Modern data warehouse solutions with VMware Tanzu
With a growing variety of data sources, as well as new strategies coming online to make use of enterprise data in meaningful ways, it can be challenging for companies to make informed decisions regarding their data warehouse approach.
VMware Tanzu Greenplum
VMware Tanzu Greenplum is a parallel-processing database server based on PostgreSQL that supports next-generation data warehousing and large-scale analytics processing.

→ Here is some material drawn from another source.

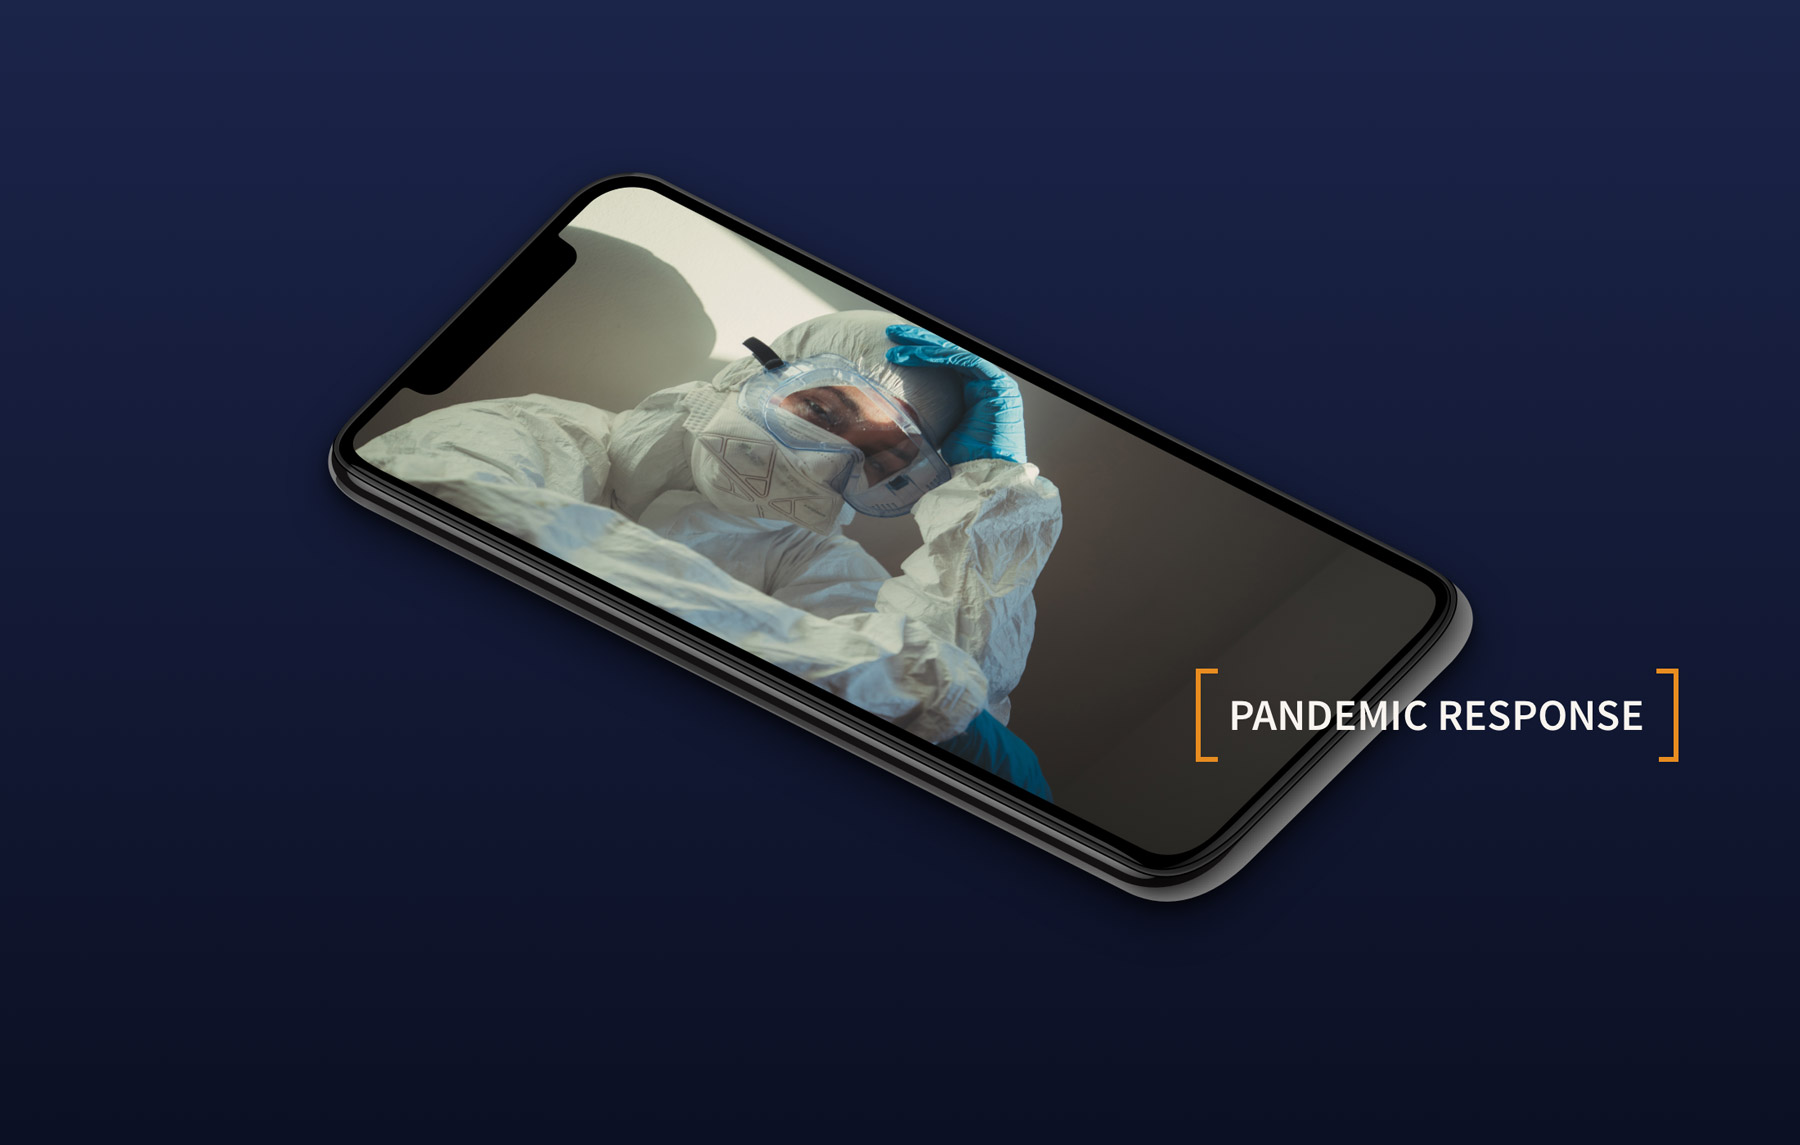 Center For Humane Technology Hero 4 - Pandemic Response

With Tanzu Greenplum, companies can partition data automatically and run parallel queries on it, allowing services to function as a single database supercomputer. This unique parallel processing of databases allows Tanzu Greenplum to be tens to hundreds of times faster than the traditional database, supporting large-scale data analytics processing.
Analytics from BI to AI
Through massive parallel processing, Tanzu Greenplum removes the siloed database effect by delivering a single, scaled-out environment. With it, companies can execute lightning-fast data querying and effective data ingestion, and scale operations far beyond the capabilities of today’s traditional business intelligence and analytics operations.
Enterprise data science
Tanzu Greenplum leverages Apache MADlib, an open source library of machine-learning services designed for the PostgreSQL family of databases. This evolution of the PostgreSQL ecosystem delivers multinode, multi-GPU, deep-learning capabilities. Additionally, it offers model versioning, along with the capability to push models from training to production via a REST API. This and other attributes of the Tanzu Greenplum solution are writing the next chapter in streamlined and intuitive enterprise data science.
The promise of data
Organizations need to ensure they’re using database tools that scale with the complexity of new data structures and types. Traditional relational databases cannot manage the scale and, therefore, require separate instances to support the size of modern data. Object store infrastructure scales dramatically, yet is extremely difficult to query in an efficient manner. Tools that do scale and provide fast query, however, tend to be costly and proprietary. They often run on expensive customized hardware, live only in the public cloud, or are missing key features.
The Tanzu Greenplum database enables organizations to utilize a rich toolset based on the open source Postgres database. Greenplum provides a cost-effective, unified platform that aggregates massive data stores and types, enabling extraordinarily fast access to deep analytic insights. By doing this, Tanzu Greenplum offers a path to truly realize the promise of data.